I don’t know what to say. I just know how I feel: overwhelmed. “Instead of running up a tab, would you consider a trade? One of my paintings?”
“That would be perfect.” Theresa smiles.
At the end of the session, Theresa hands me a sheet of paper with two phone numbers: her cell and the suicide-prevention hotline.
“You can call either one, anytime. Just promise me you’ll call if you need to talk.” Nodding, I tuck the paper into my pocket and give Theresa a hug good-bye. I don’t say it out loud, but I’m sure she hears my request: hold on tightly to my hope.
ALTHOUGH AN APPLE a day keeps the doctor away, no fruit has been discovered that keeps the patient away. This is good news for me, bad news for Dr. Mintz. He’s my family physician. And I’m his boomerang patient: in one day, back the next. The waiting room regular in the coveted chair. What’ll it be today? The usual? Coming right up—one paper cup of filtered water, with a side order of two-ply facial tissues and all the issues of National Geographic I can read. Plenty to keep me occupied until it’s my turn. Again.
I like Dr. Mintz. He’s big hearted and dedicated. He moves with ease between life’s comedies and tragedies. He’s a real mensch—a person of integrity and honor. In the thirteen years I’ve known him, he’s grown a little older and a little balder, but really, he hasn’t changed much. Or at least that’s what I thought. While he’s always had a swagger in his step, lately it seems more exaggerated—especially when he moseys on over in his bowlegged jeans, alligator boots, and silver string tie. Something is definitely different about him. He looks more like a snazzy Jewish cowboy than a nice Jewish doctor. But it’s more than how he’s dressed. I can’t exactly put my finger on it, but a change has occurred.
So far, Dr. Mintz is stumped. Whatever disease, disorder, or syndrome is causing my mishmash of symptoms—foot dragging, arm numbness and immobility, body aches and pains, muscle and joint stiffness, mind fuzziness—has not been detected by any of the many tests he’s done. It’s a mystery. And since mystery loves company, he calls up his colleague—the neurologist. I’m booked to see her soon. Meanwhile, Dr. Mintz urges me to take his advice and start the antidepressants he prescribed ages ago. He promises they’ll help me feel better. He says they make everyone feel better, even him. He takes them to cope with his own depression, since being treated recently for prostate cancer. His disclosure explains his exaggerated swagger and strikes a hopeful chord. Maybe the meds will help a little; maybe they will help a lot. Maybe they will lift me out of this dark hole so that I can return to my life and my life can return to me. And then I won’t have to see Dr. Mintz so often.

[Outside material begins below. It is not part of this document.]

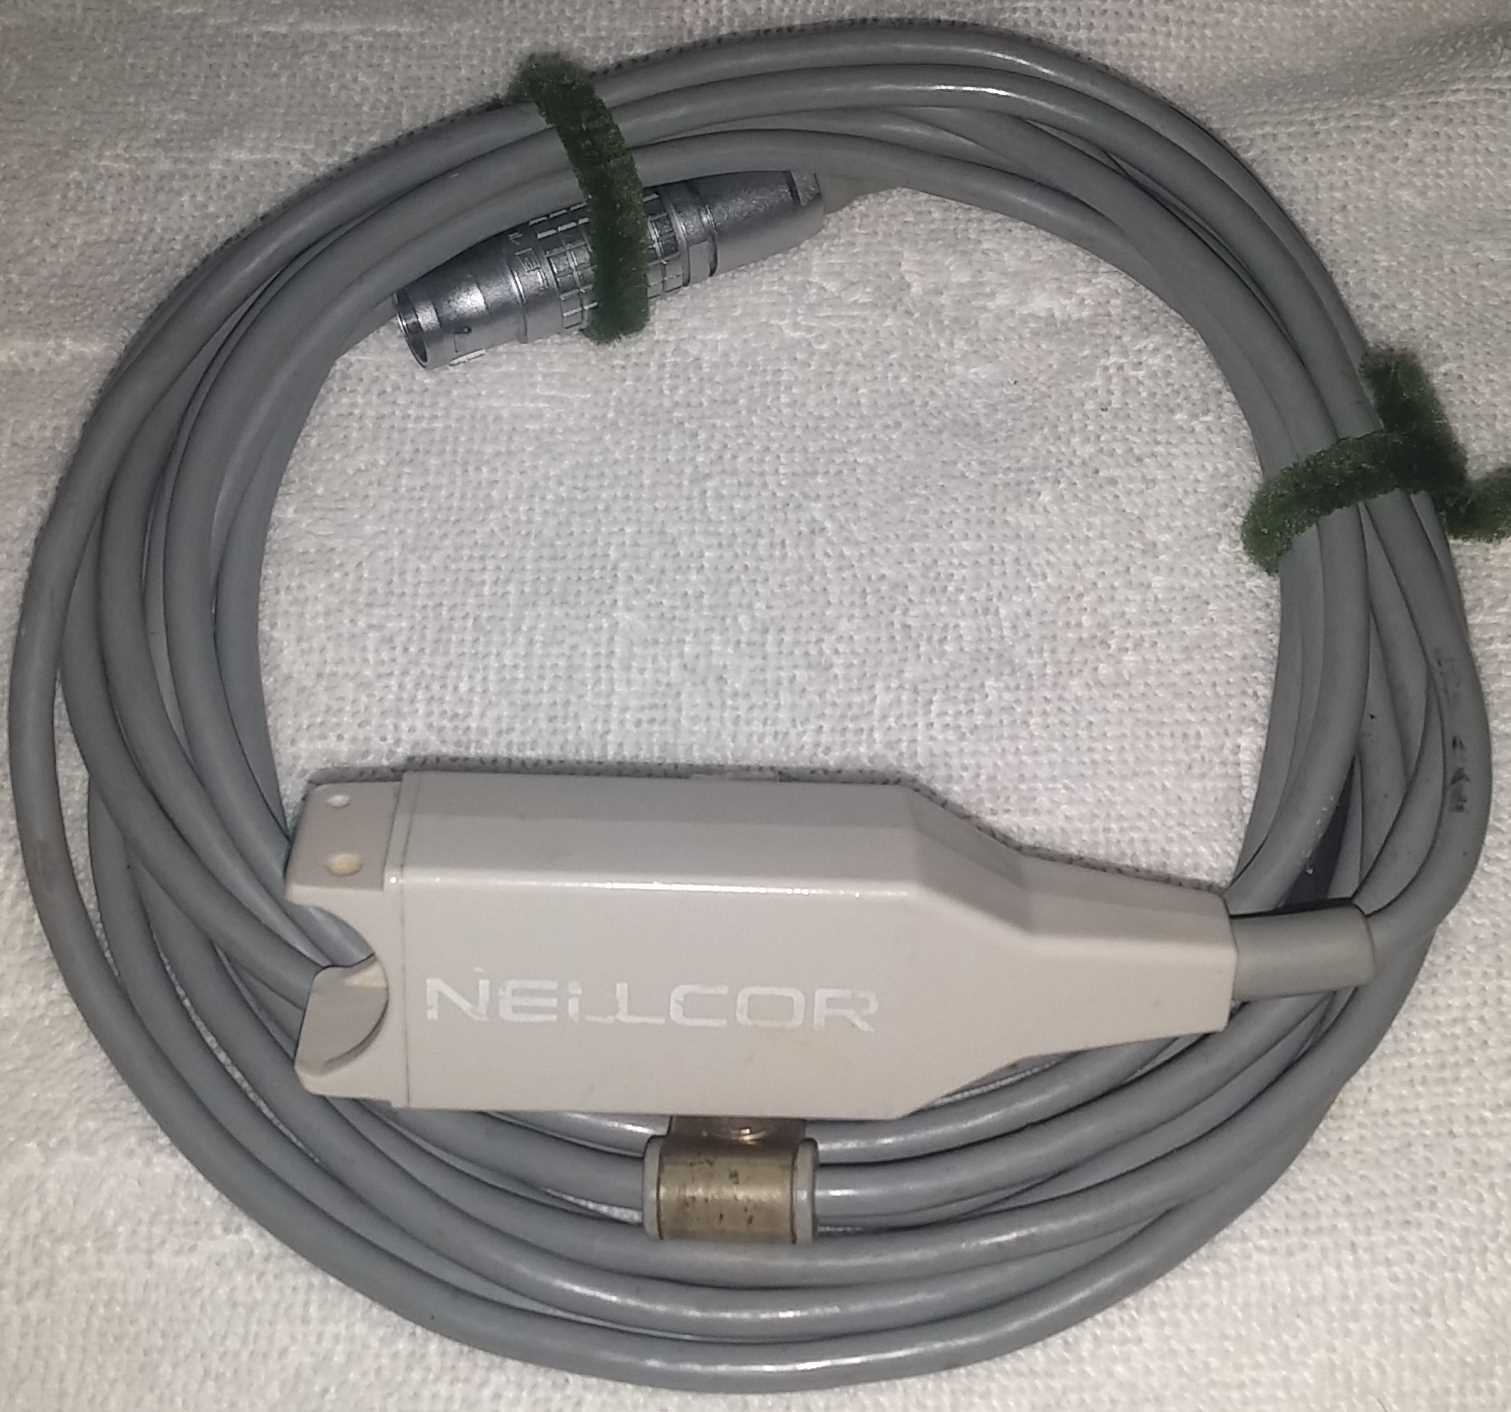 Used working Nellcor N-200 pulse oximeter cable Nellcor N-200 SPO2 Preamp Cable pulse oximeters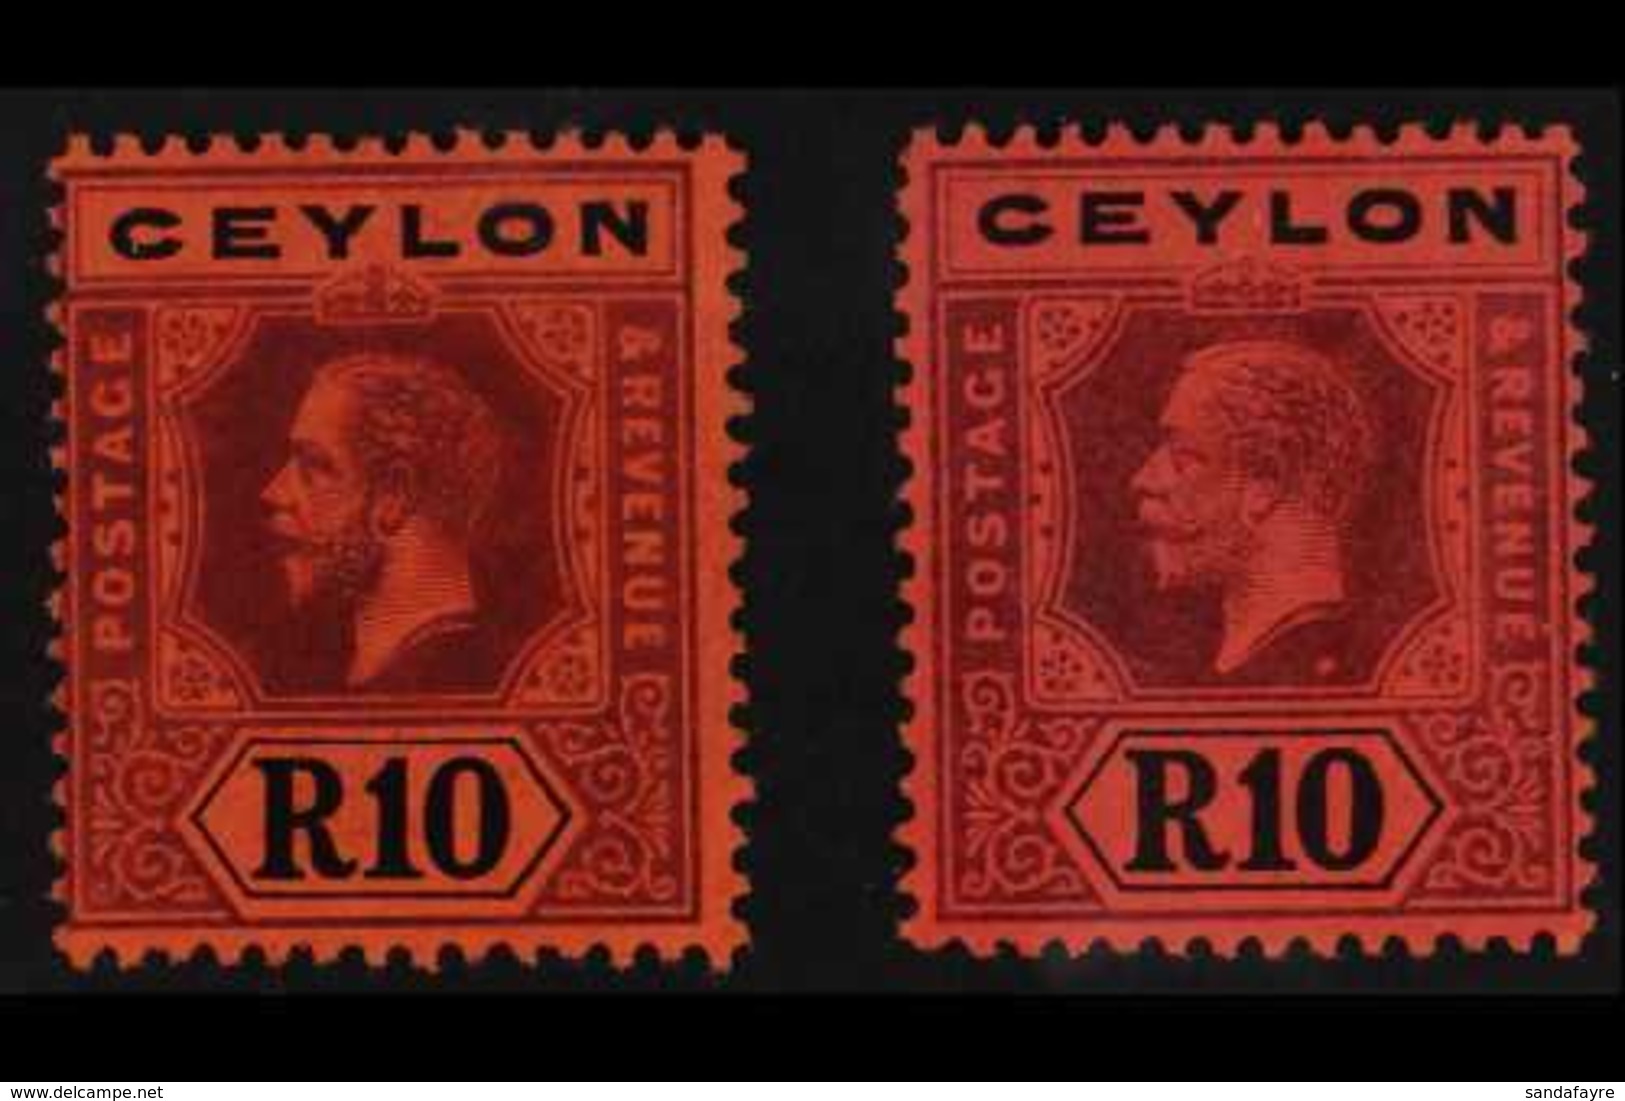 1912 - 25 10r Purple And Black On Red, Die I And Die II, SG 318, 318b, Very Fine Mint. (2 Stamps) For More Images, Pleas - Ceylon (...-1947)

In mid-September, at the pinnacle of my clinical depression, I finally surrender into the arms of Big Pharma and her chemical concoctions. No one forces me to do this. It’s my choice. It’s my hand clawing its way up and out of the dark hole, placing the pill on the back of my tongue, pouring the water down my throat. Holy water that’s been blessed by Dr. Mintz and Dr. Smyth (the neurologist he recommended), as well as Theresa, Bergen, and Sweet Lisa.
I swallow and wait—for side effects and for joy. But nothing happens that first day. Or the next. On the third day, mild nausea sets in and for a while I feel worse. And then, one October morning, the tiniest tinge of joy bubbles up inside me and I wake up, dry eyed, with a dash of happiness lifting the corners of my mouth, unearthing my long-lost smile. Only briefly. But long enough to prove that Dr. Mintz is right. These antidepressants do help. I’m feeling a little bit better, a little less depressed, a little more alive.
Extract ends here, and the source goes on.